**Exercise prompt**
In the listing below, the lines starting at the line with "Кубик 3 3 11." and ending at the line with "Calbee Australia - World" are to be output verbatim. Images stay out of the copy.

Supplied records Block Start

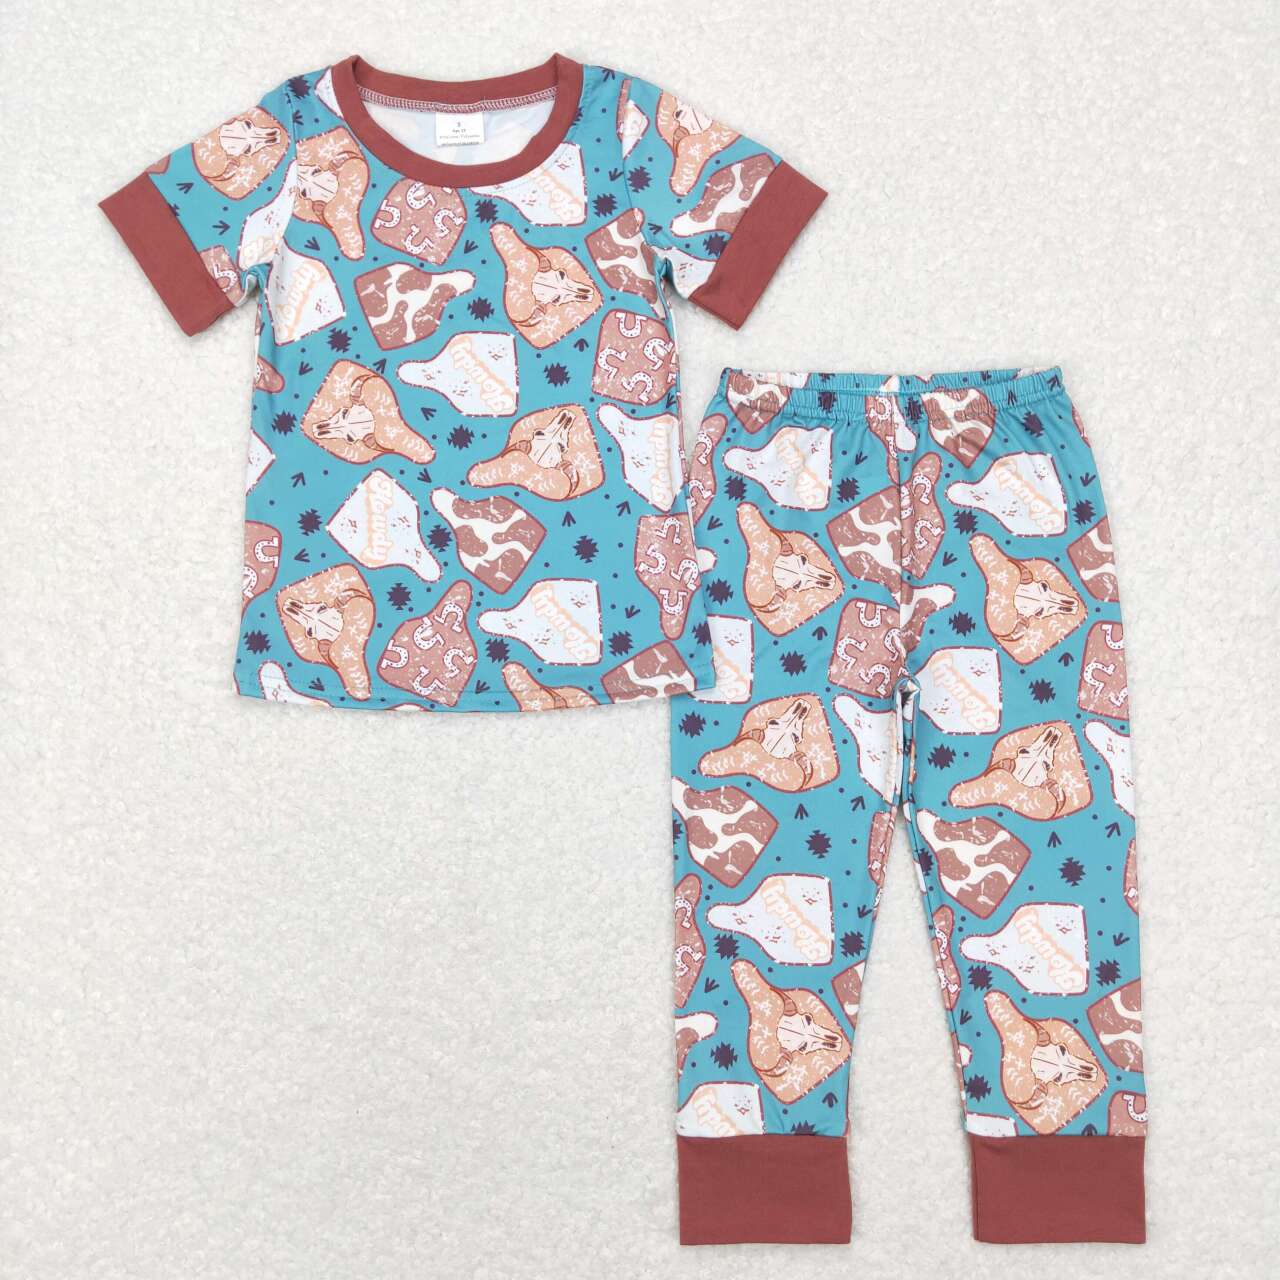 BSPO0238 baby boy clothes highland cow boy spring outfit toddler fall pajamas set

Supplied records Block End
Supplied records Block Start

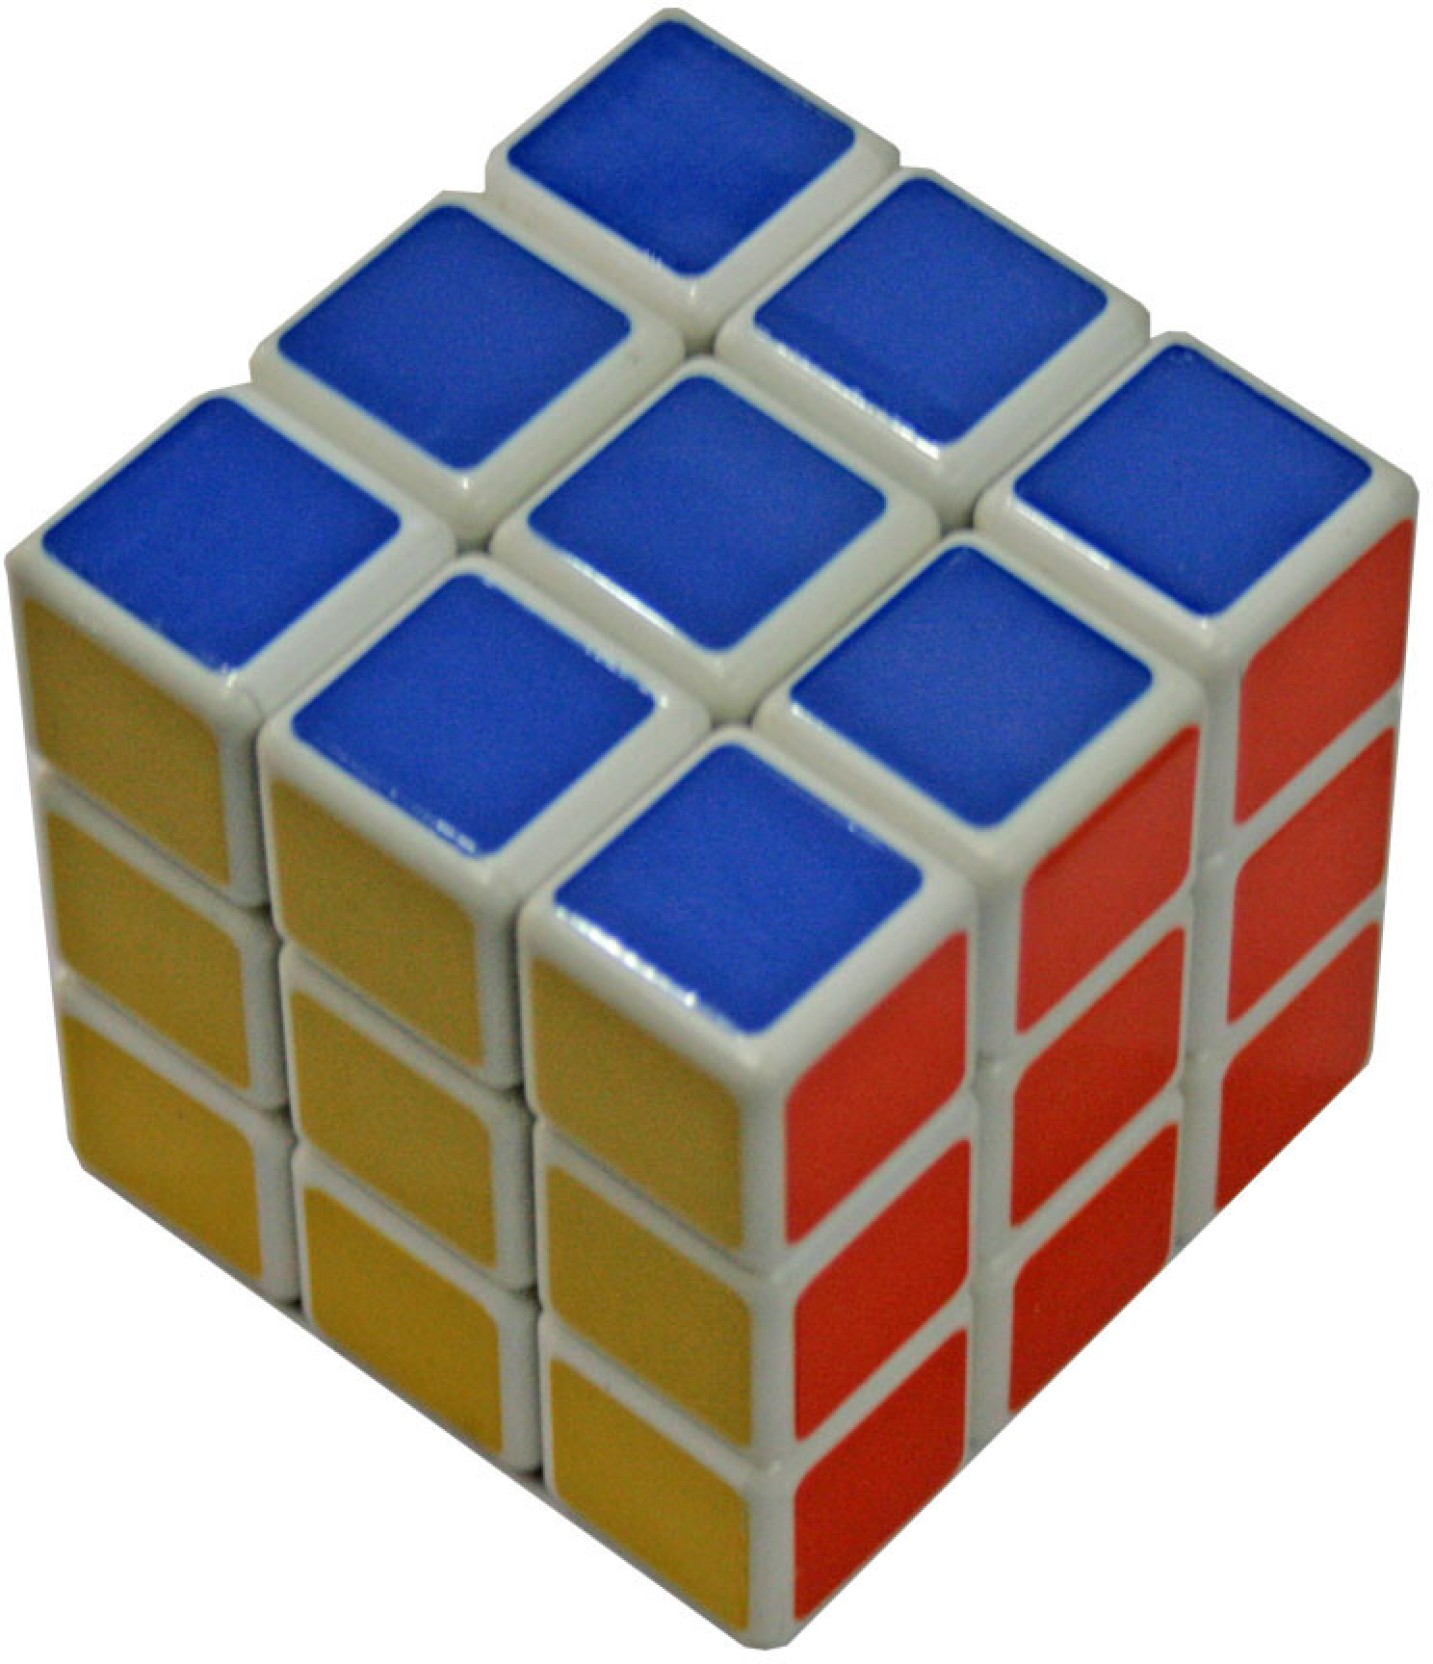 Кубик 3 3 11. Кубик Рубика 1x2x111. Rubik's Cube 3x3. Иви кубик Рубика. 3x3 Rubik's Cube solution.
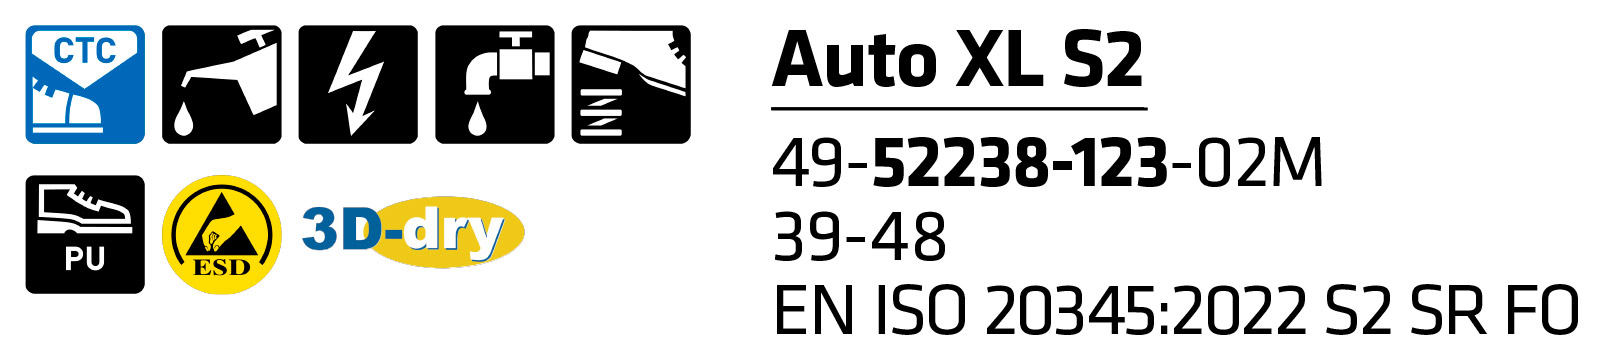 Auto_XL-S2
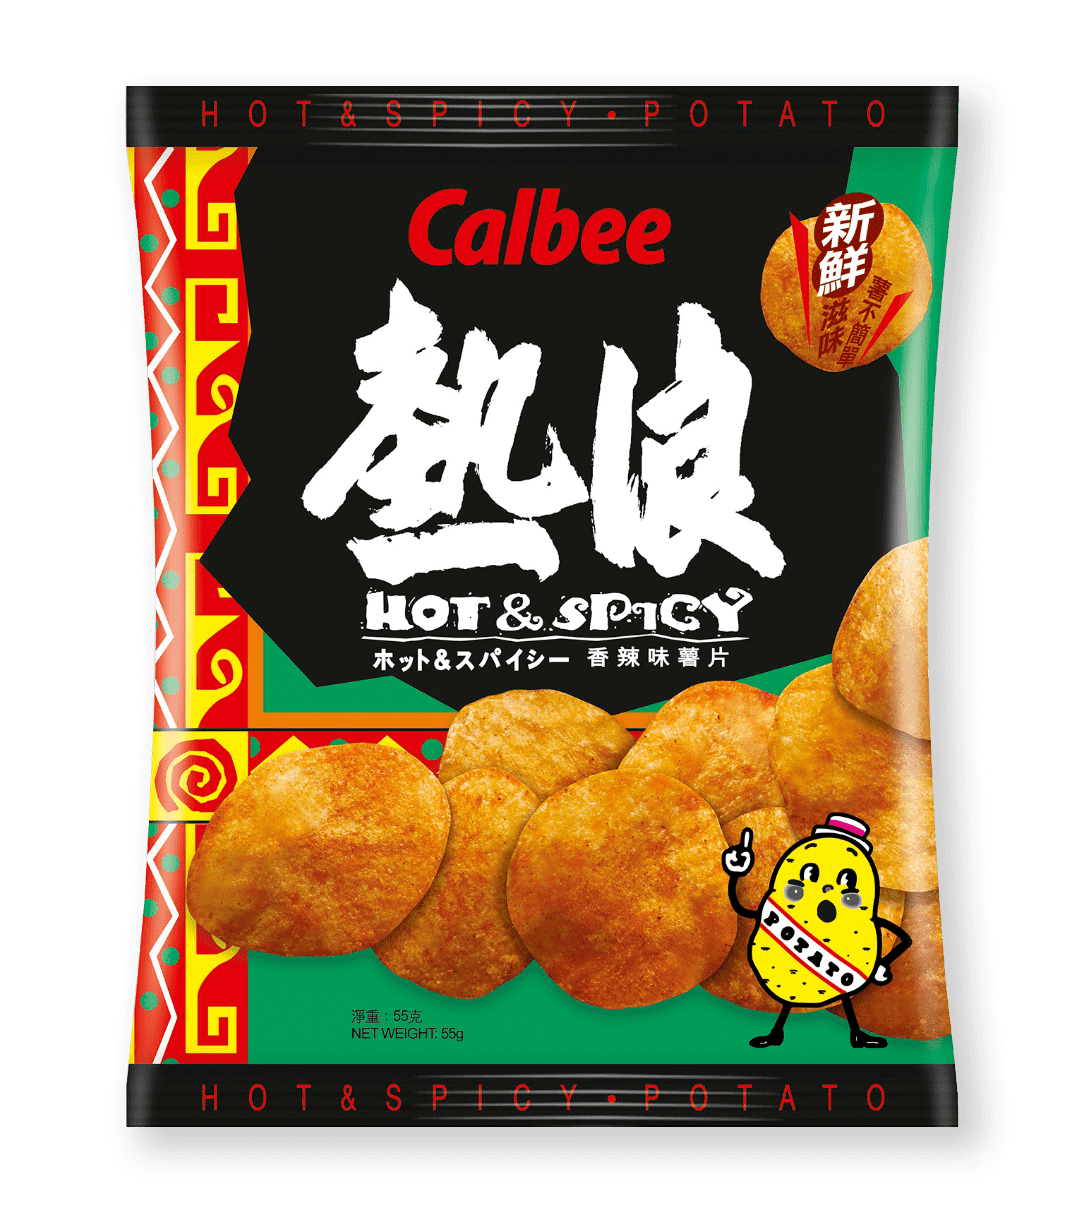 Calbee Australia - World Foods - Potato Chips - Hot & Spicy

Supplied records Block End

**Output**
 Кубик 3 3 11. Кубик Рубика 1x2x111. Rubik's Cube 3x3. Иви кубик Рубика. 3x3 Rubik's Cube solution.
 Auto_XL-S2
 Calbee Australia - World Foods - Potato Chips - Hot & Spicy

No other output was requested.